In the run-up to the presidential election, IMF Mission Chief Breuer spelled out that a condition for the impending third review authorizing the release of the fourth tranche is a viable plan to increase the budgetary surplus in 2025 by almost four times from 2023, from 0.6% of GDP to 2.3%, or more than $1.5 billion.
To ensure this target was met, Breyer said it would need to be “underpinned by appropriate revenue measures and continued spending restraint.”
The IMF’s statement of confidence in the JVP/NPP government’s “commitment to continue the reform efforts” is thus an expression of confidence in it imposing additional tax increases, accelerating privatization and public sector job cuts, and further slashing public healthcare and education.
During last week’s consultations, the IMF also greenlighted a debt restructuring scheme that it had negotiated with the previous president, Ranil Wickremesinghe, a rapacious representative of Sri Lankan big business and notorious pro-US stooge. Under this scheme, Sri Lanka, which defaulted on its debt in the spring of 2022, will renegotiate repayment of some $12 billion in international debt, opening the door for it to obtain new loans from the loan sharks of global capital.
With the agreement of the IMF and the Official Creditors Committee, Citibank, the third-largest US-based bank, has been appointed to manage Sri Lanka’s new International Sovereign Bond exchange.
Also on Friday, Dissanayake, JVP/NPP Prime Minister Harini Amarasuyria and Foreign Affairs Minister Vijitha Herath held talks with India’s External Affairs Minister S. Jaishankar—the first senior foreign official to visit the island since Dissanayake’s September 21 election.
According to the Sri Lankan media, Dissanyake reiterated to Jaishankar the JVP/NPP’s now oft-repeated public pledge to never do anything contrary to “India’s national security interests.”
This is a commitment not just to New Delhi, but a demonstration of the JVP/NPP government’s readiness to further integrate Sri Lanka, which bestrides key Indian Ocean shipping lanes, into American imperialism’s incendiary military-strategic offensive against China.
India is far and away Washington’s most important ally in South and Southeast Asia. Their anti-China alliance is the crux of the Indo-US “global strategic partnership,” which over the past 15 years has become the cornerstone of New Delhi’s foreign policy and global geopolitical strategy.
Jaishankar’s visit to Colombo came on the heels of extensive discussions with US Secretary of State Antony Blinken and other US officials in Washington about strengthening the Indo-US alliance, including through the anti-China QUAD with Japan and Australia. Jaishankar and Blinken also discussed India’s attitude toward, and role in, the other two fronts in American imperialism’s global war—the US-NATO instigated war against Russia and the Israeli spearheaded drive to repartition the Middle East.

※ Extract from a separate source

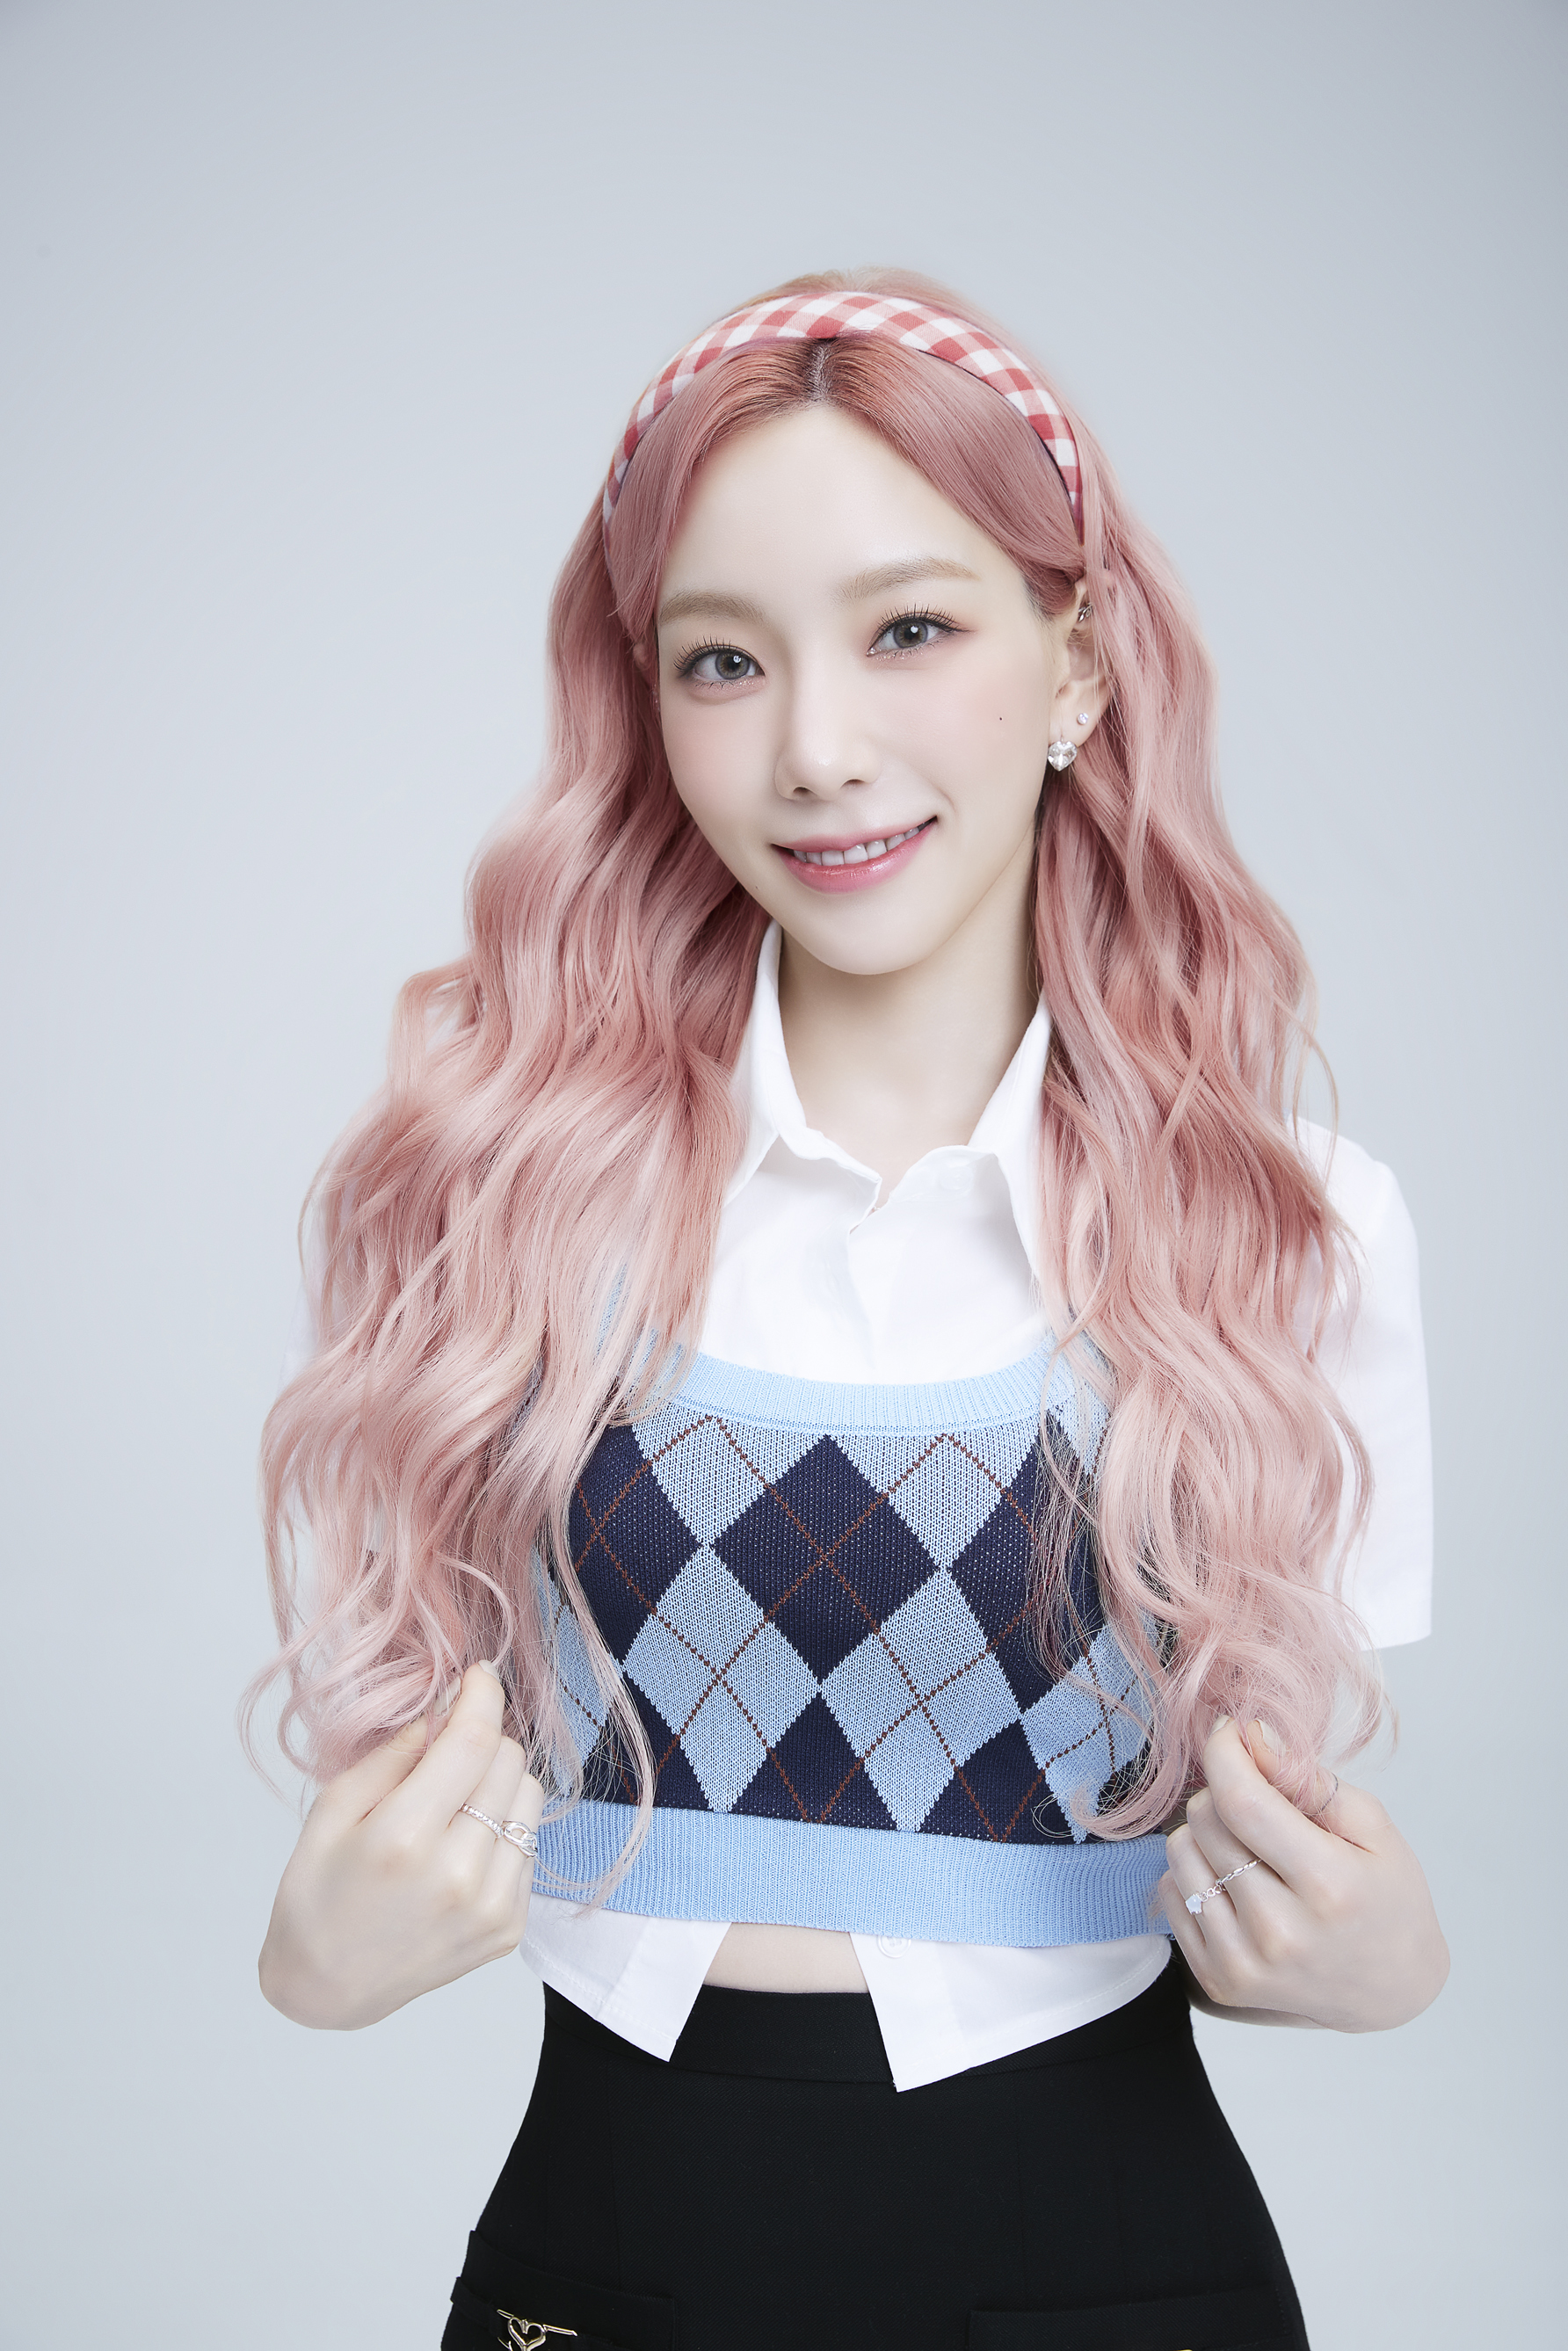 K Pop Kim Taeyeon SNSD Taeyeon Korean Women Model Singer Strawberry Blonde Dyed Hair Contact Lenses  1784x2675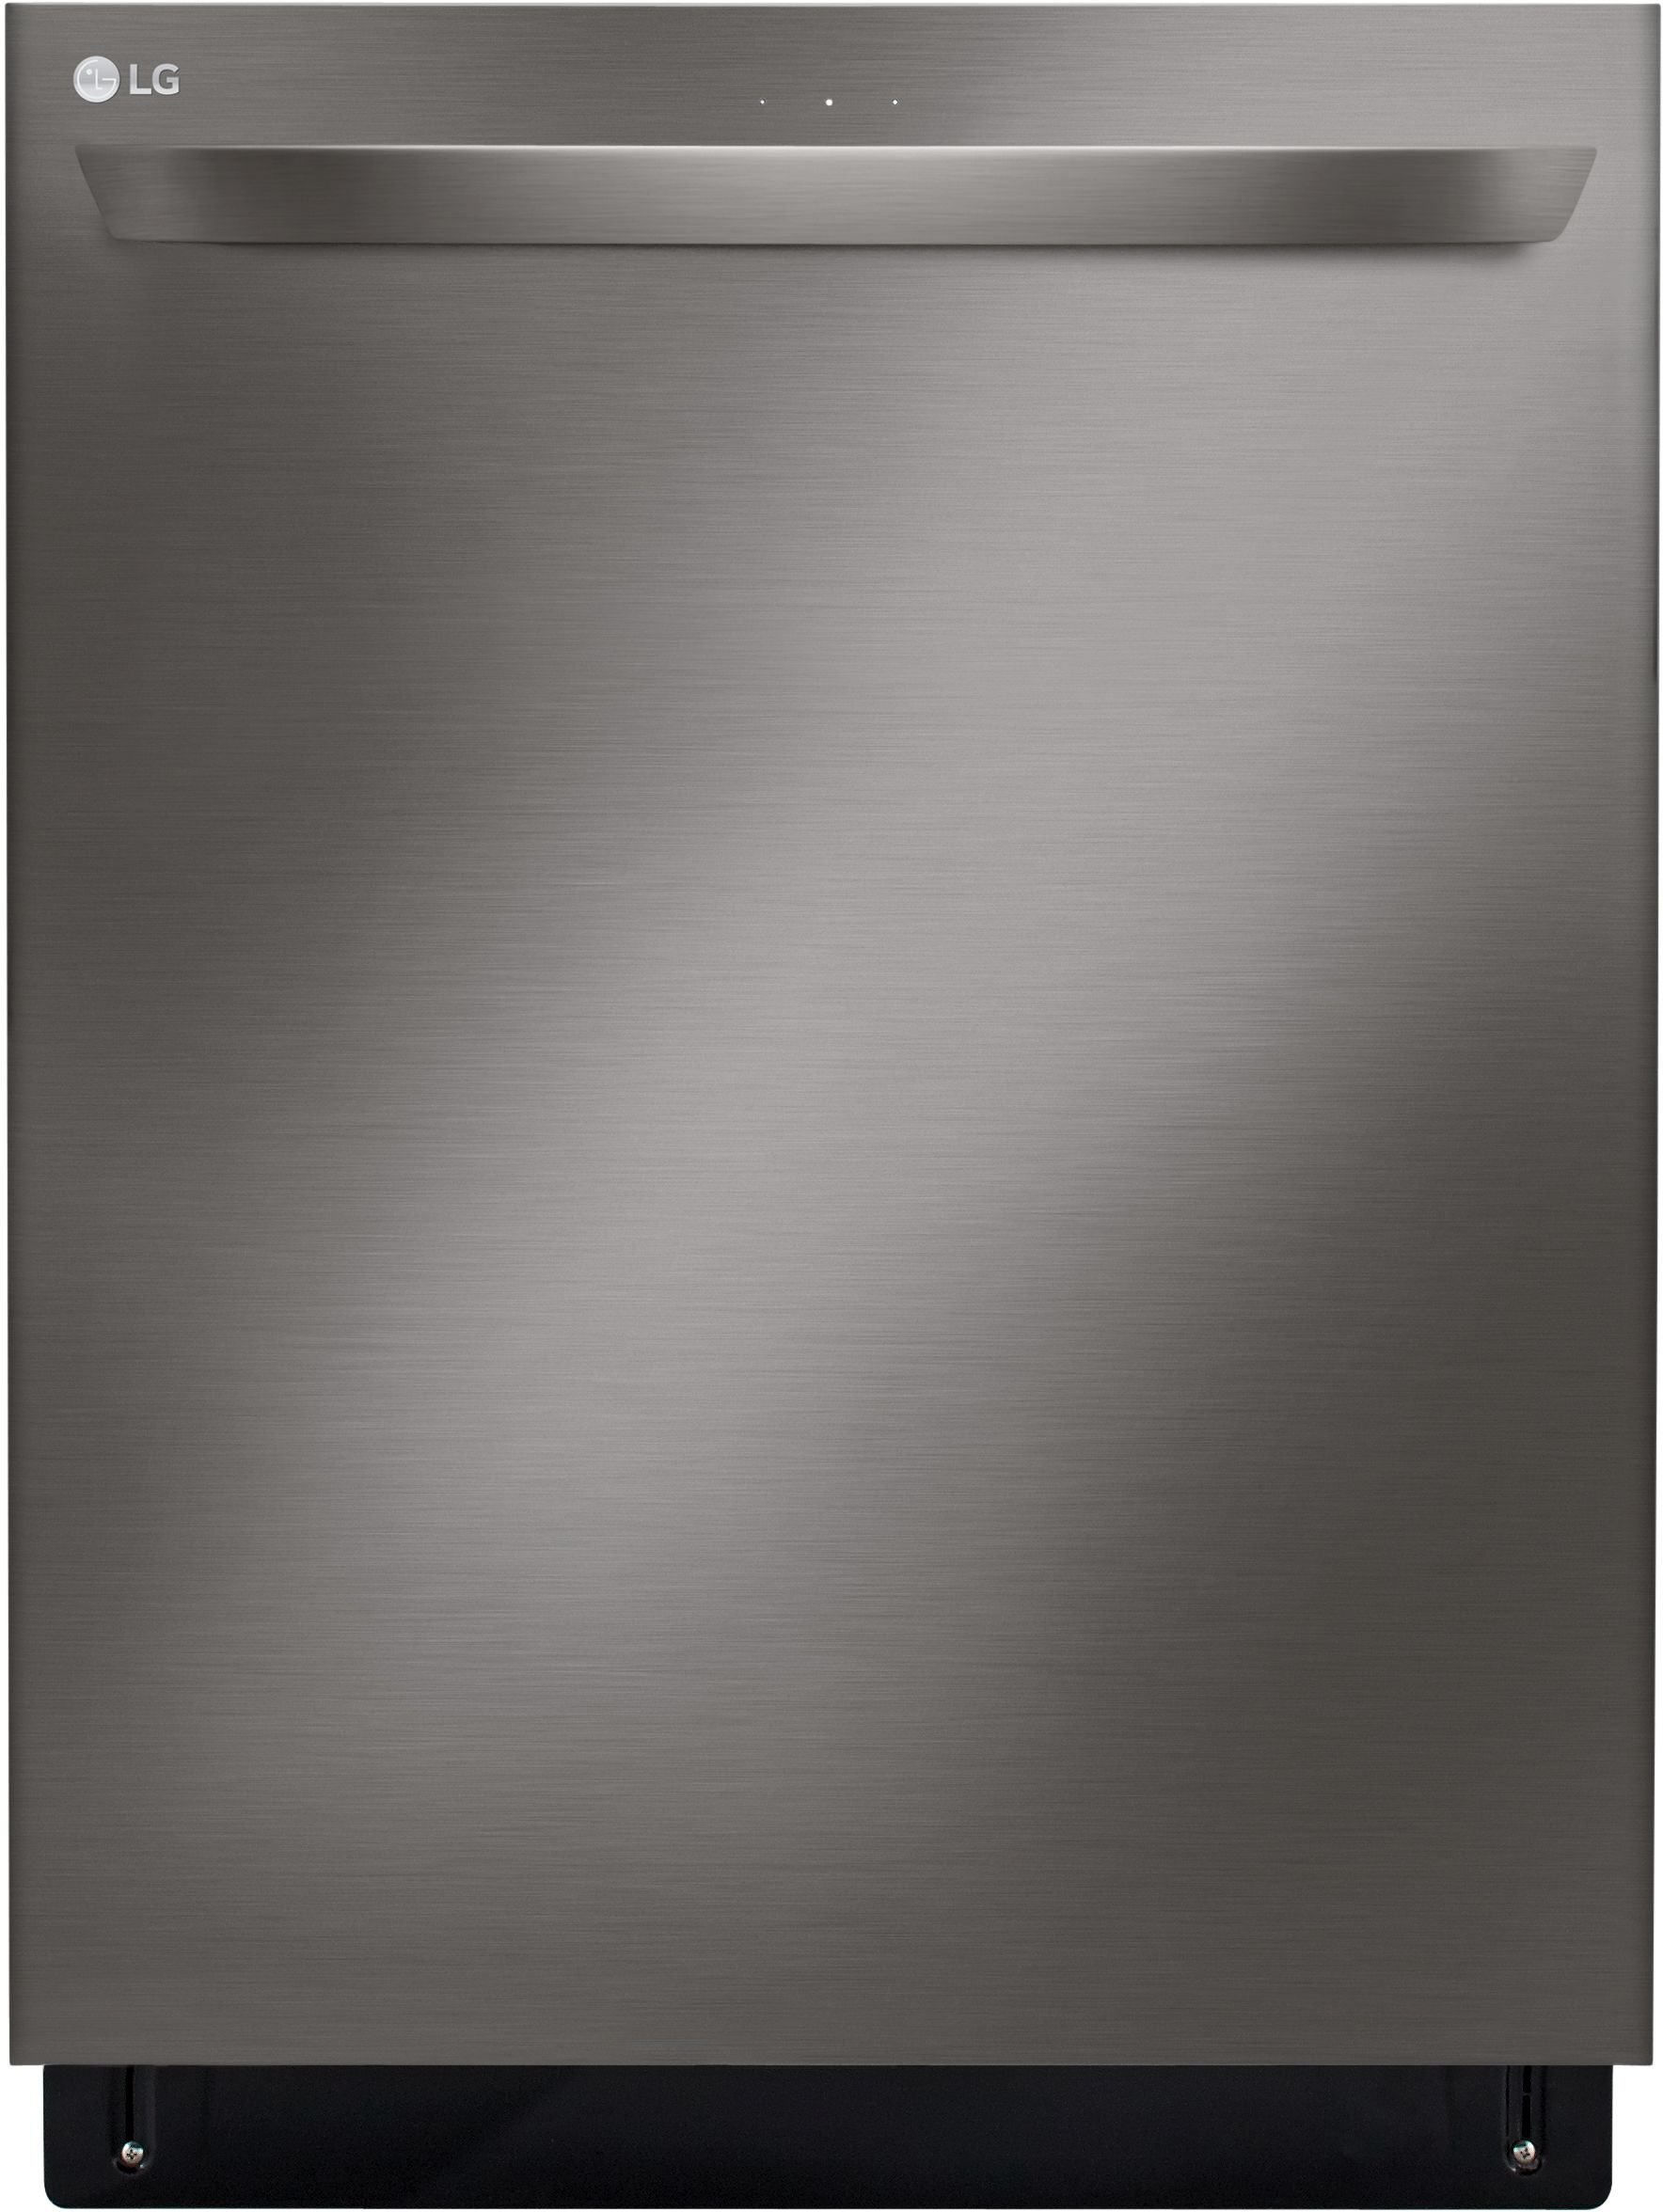 black stainless steel dishwasher

It also need be noted that in response to US President Joe Biden’s congratulatory message, the JVP/NPP leader Dissanayake declared his fealty to Washington’s predatory agenda. He said Sri Lanka’s new government is committed to working with the US for “a peaceful, secure and prosperous Indo-Pacific region”—employing the saccharine formula Washington uses when speaking of its ambition to maintain through all means, including war, dominance of the world’s most populous and fastest growing region.